We have characterised the genomic landscape of more than 200 metastatic breast cancers using whole exome sequencing and there are several new findings. The first one is the fact that there are some recurrent genomic alterations that are specific to the metastatic sample as opposed to the primary. We found eleven genomic alterations and some of them have been characterised and could be involved in the metastatic process. When a patient is presenting these genomic alterations then the outcome is worse as compared to metastatic breast cancers who do not present this metastasis specific genomic alteration. So this is one first finding.

The second finding we had by running the genomic landscape of metastatic breast cancer is that a subset of oestrogen receptor positive metastatic breast cancers present with a very high mutational load and acquired genomic instability and high mutational load, probably because of high expression of APOBEC. We found that around 10-15% of oestrogen receptor positive breast cancer, when they are metastatic, have a very high mutational load. Now there are some attempts to see whether these patients could be more sensitive to immunotherapeutics and there are some attempts to understand what has made this cancer become so mutated. As I mentioned before, APOBEC is one of the hypotheses but there are several other ones.

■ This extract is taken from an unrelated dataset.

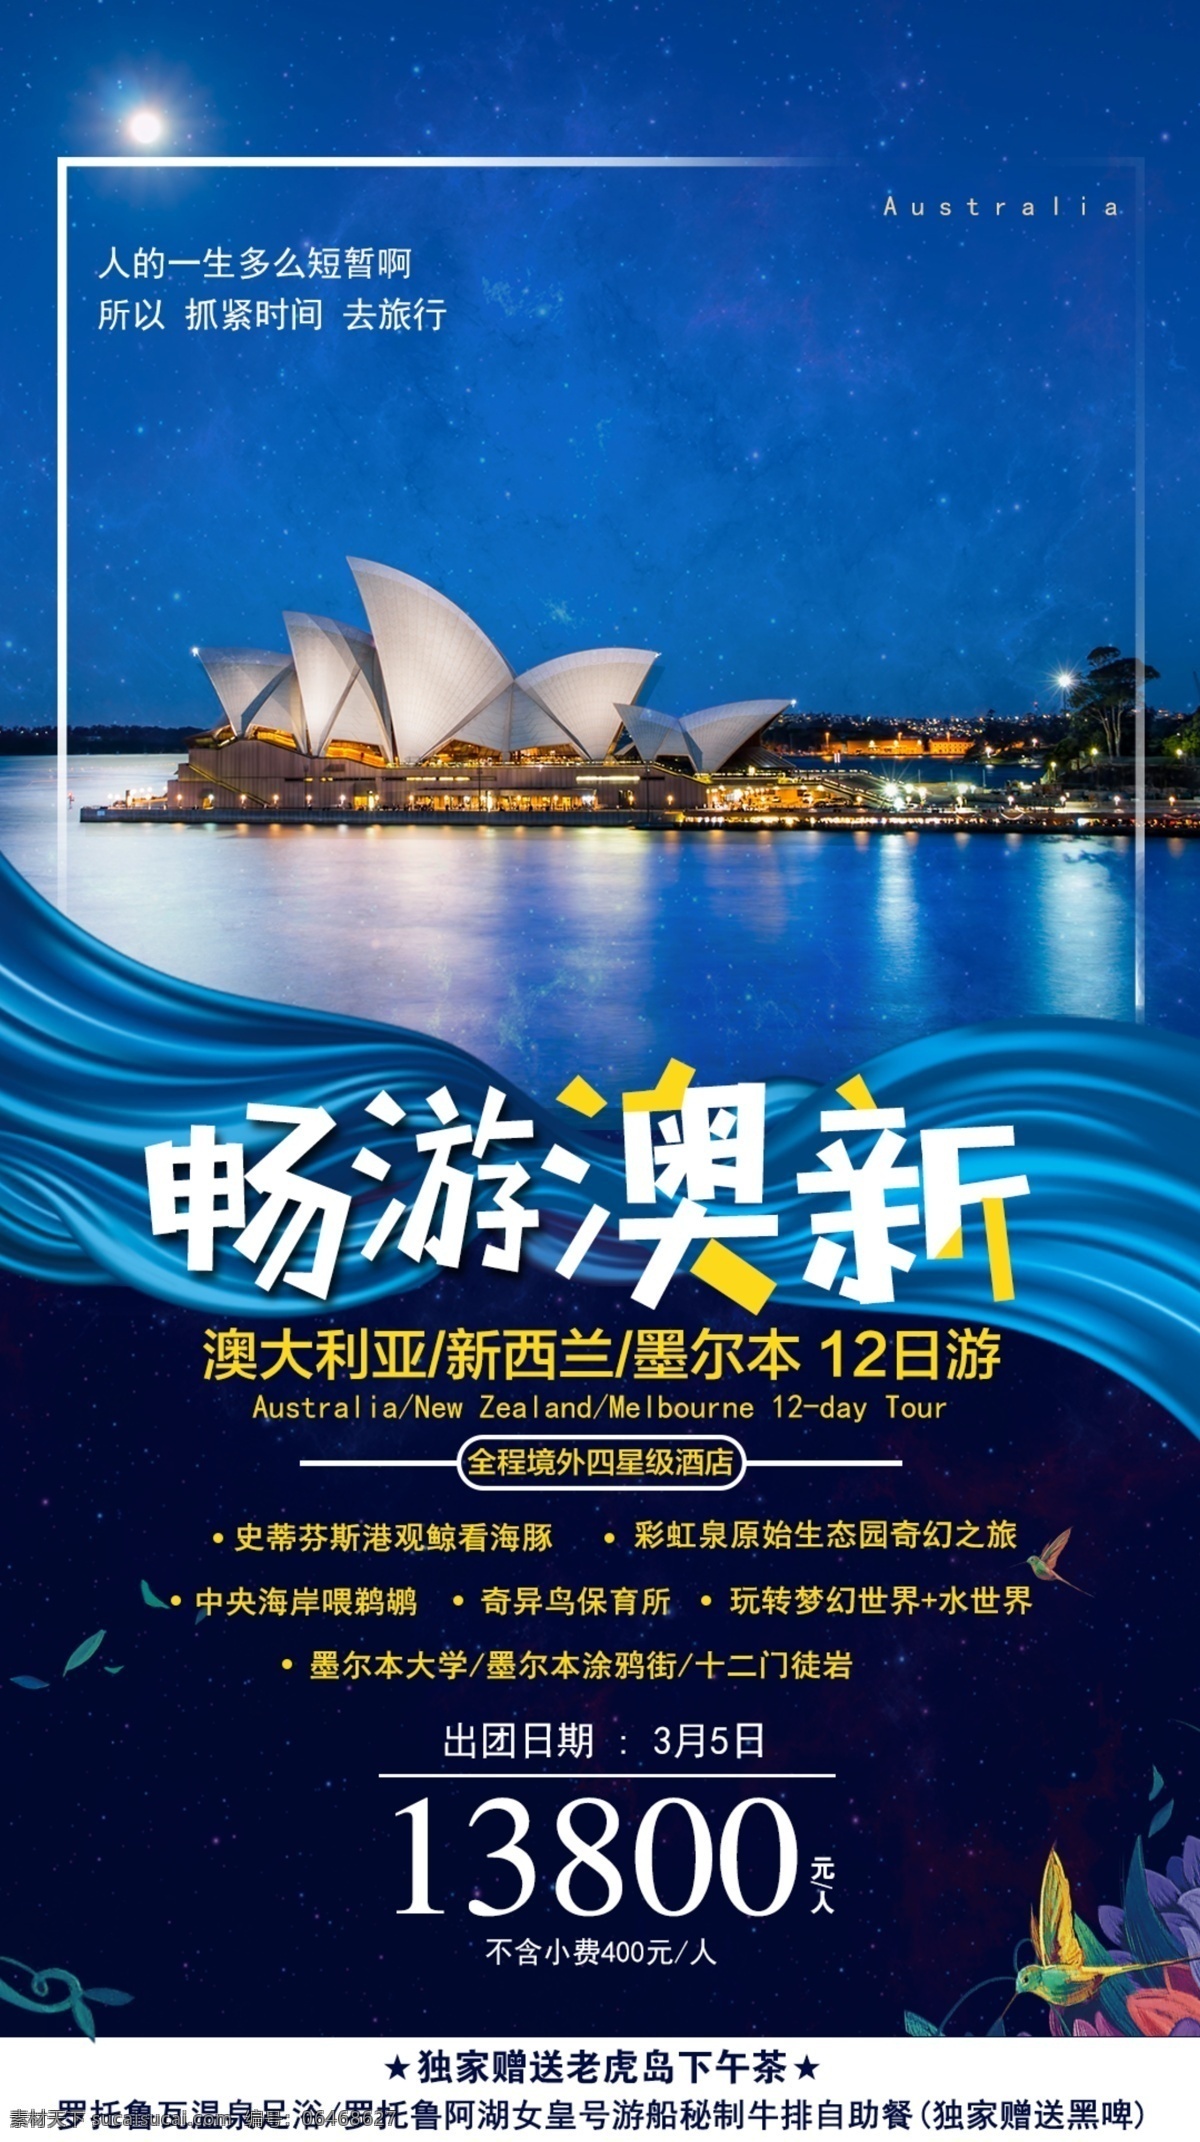 澳新旅游 澳新 澳洲 澳大利亚 澳大利亚旅游 旅游 朋友圈海报 微信海报 旅游海报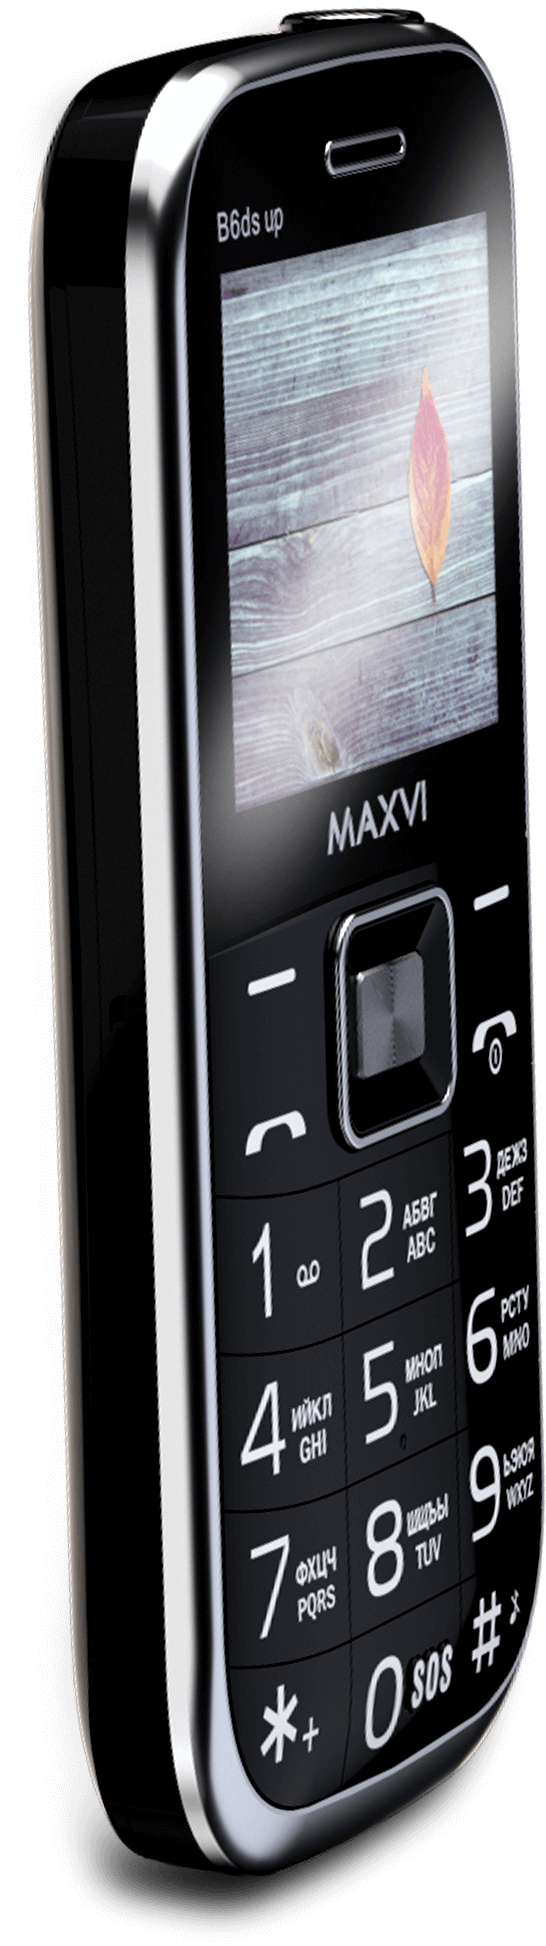 Мобильный телефон Maxvi B6ds

Then what we are investigating and for which we have some interesting preliminary results is whether these genomic alterations that are enriched in metastatic breast cancer but present at a low frequency in early breast cancer could have some prognostic value when they are present in early breast cancer. Indeed, some of these genomic alterations when they are present in early breast cancer are associated with a worse outcome.

What clinical impact do you see your research having in the future?

The first one is to find new targets that could prevent the development of metastasis because if we understand what are the genomic alterations that are functional and enriched in metastatic breast cancer and led to the development of metastases, that could generate some work about preventing metastases. The second application is to better drive the drug development in metastatic breast cancer by defining what is the genomic landscape of metastatic breast cancer and obviously the genomic landscape of metastatic breast cancer is very different to the one of primary breast cancer. Point number three is to better understand which patients with metastatic breast cancer are going to have a very poor outcome. This is very important because if we can identify some genomic alterations associated with a very poor outcome then the drugs that target this genomic alteration could receive some fast track drug approval. So finding which genomic alterations are associated with worse outcomes, very poor outcomes, is a major challenge to drive drug development.